– Как она может улыбаться?
– Талли кое-что знает о разбитом сердце – не забывай об этом. Она всю жизнь прятала свою боль. Я помню, как впервые увидела ее. Я шла через улицу Светлячков к ее дому, потому что она подружилась с Кейт, и мне хотелось узнать ее поближе. В старом обшарпанном доме я познакомилась с ее матерью, тогда она выбрала себе имя Облачко. Хотя «познакомилась» – это явное преувеличение. Облачко лежала навзничь на диване, с горкой марихуаны на животе. Она попыталась сесть, а когда у нее ничего не вышло, сказала: «Черт, я совсем обкурилась», – и снова плюхнулась на спину. Я посмотрела на Талли – ей тогда было лет четырнадцать – и увидела на ее лице печать стыда, которая остается с человеком на всю жизнь.
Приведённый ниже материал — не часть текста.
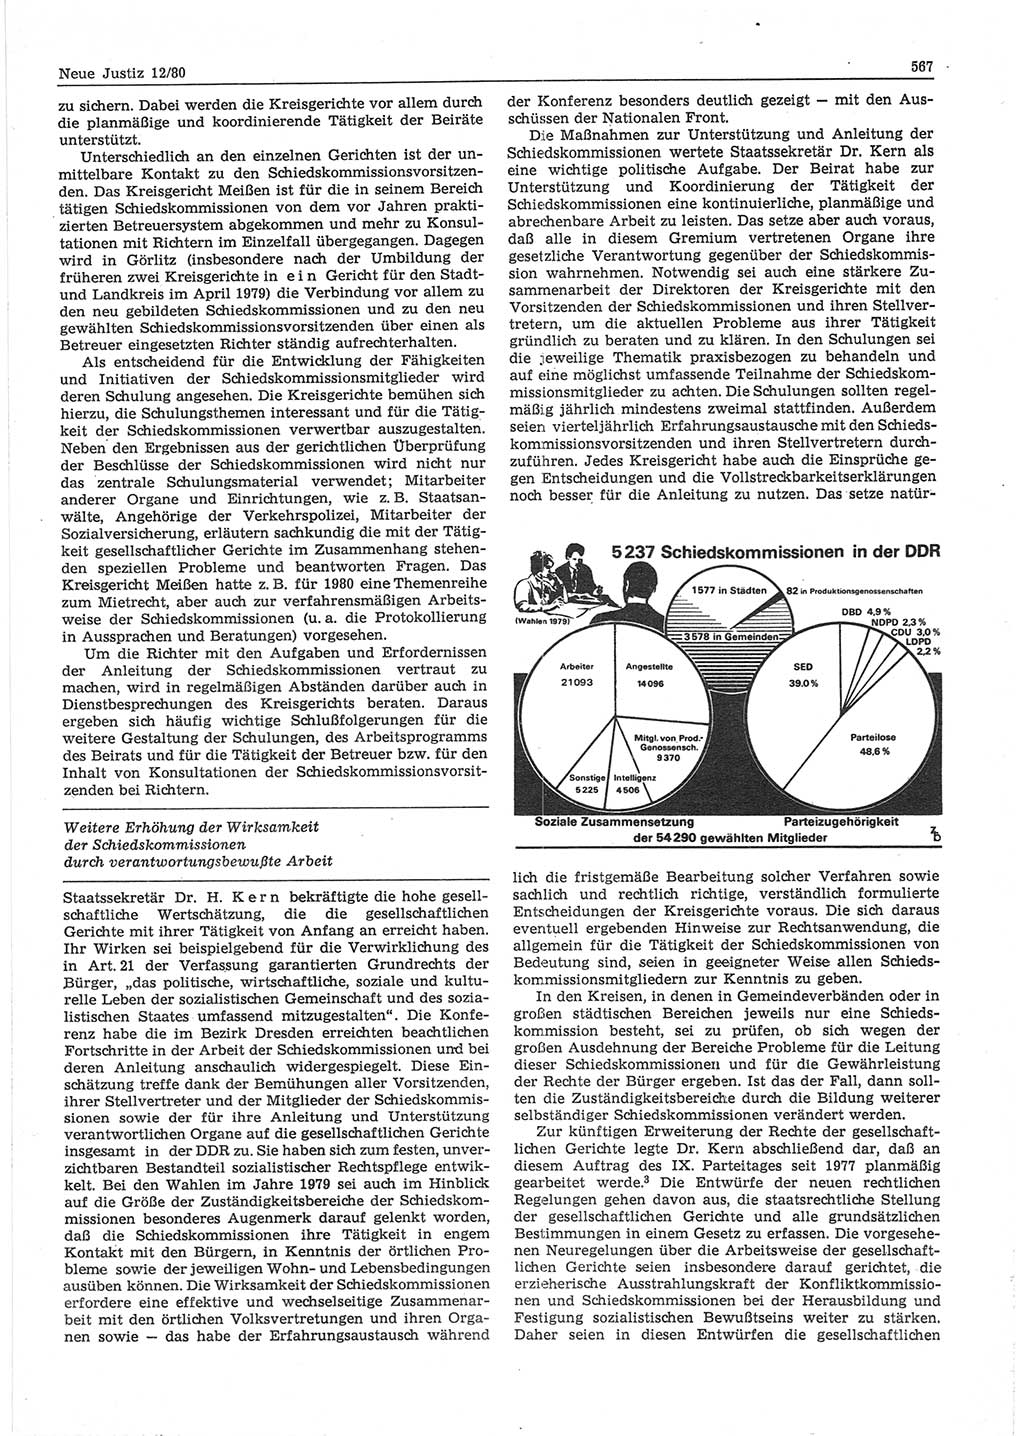 Neue Justiz (NJ), Zeitschrift für sozialistisches Recht und Gesetzlichkeit [Deutsche Demokratische Republik (DDR)], 34. Jahrgang 1980, Seite 567 (NJ DDR 1980, S. 567)
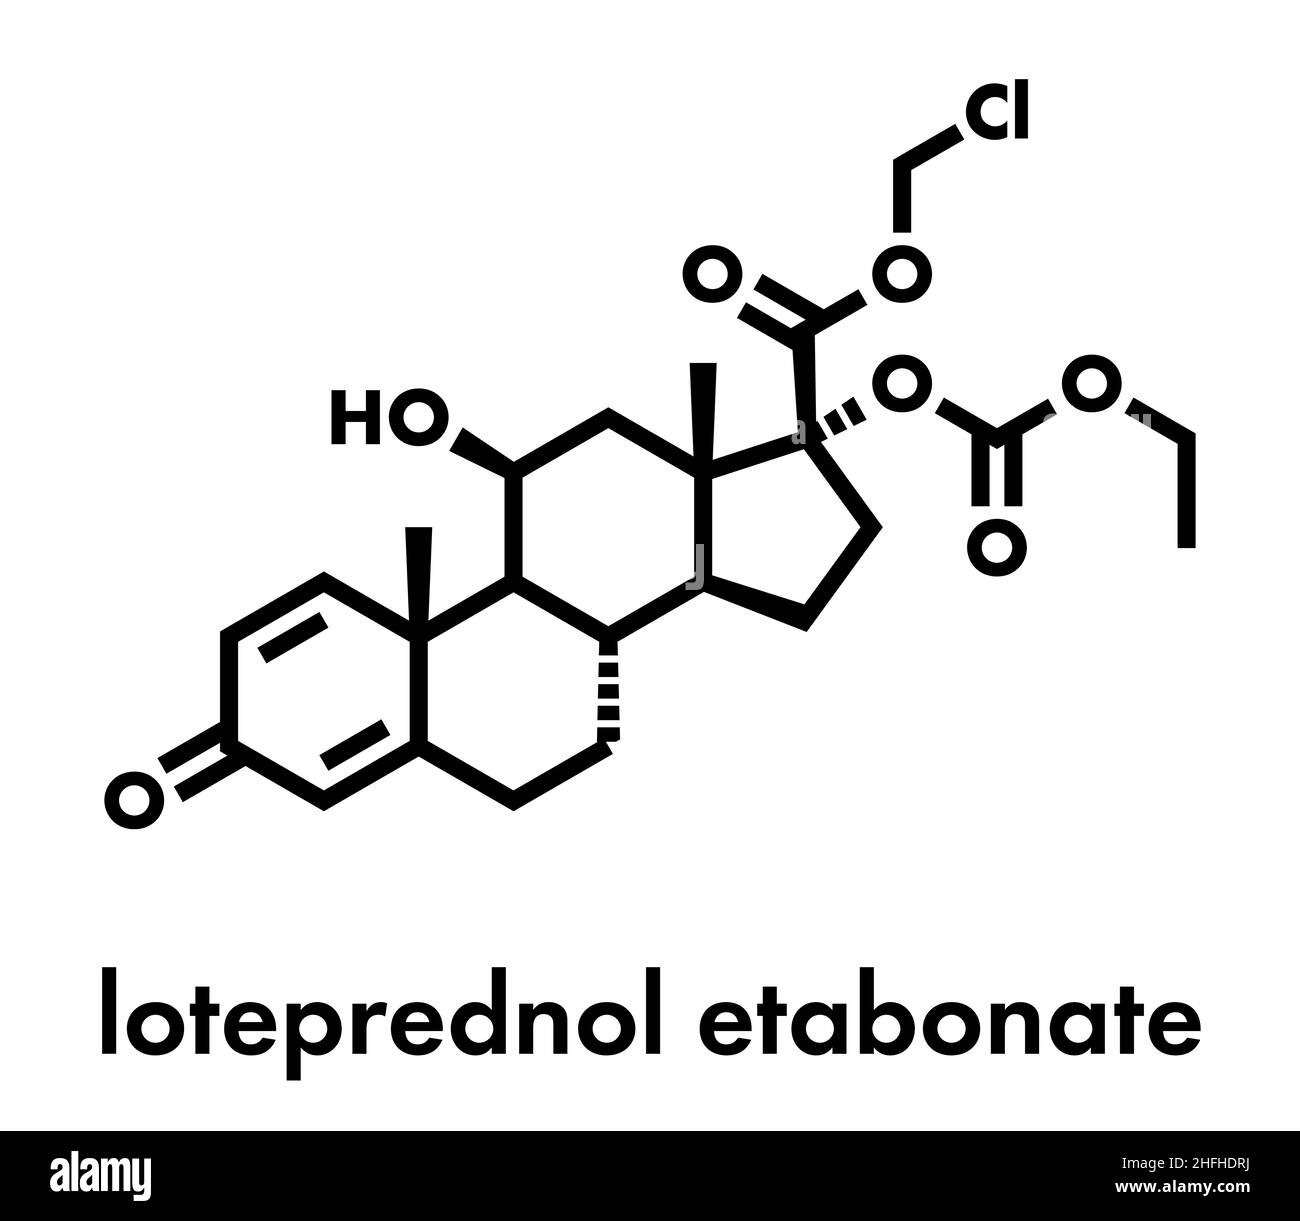 Loteprednol etabonate corticosteroid drug molecule. Skeletal formula. Stock Vector

– У вас самой был отец алкоголик, но вы же это преодолели.
– Я влюбилась и нарожала детей. У меня есть семья. Талли считает, что ее может любить только Кейт. Сомневаюсь, что она успела осознать потерю, но, когда она все поймет, это будет ужасно.
Талли вставила в проигрыватель компакт-диск и включила музыку. Из динамиков зазвучала песня «Рожденный жить на воле» [3].
Люди, собравшиеся в гостиной, отошли от нее; вид у них был оскорбленный.
– Кто хочет выпить? – спросила Талли.
Джонни понимал, что должен ее остановить, но не мог себя заставить подойти к ней. Не теперь. При взгляде на Талли он каждый раз думал: «Кейт умерла», и рана вновь начинала кровоточить. Отвернувшись, он пошел наверх к детям.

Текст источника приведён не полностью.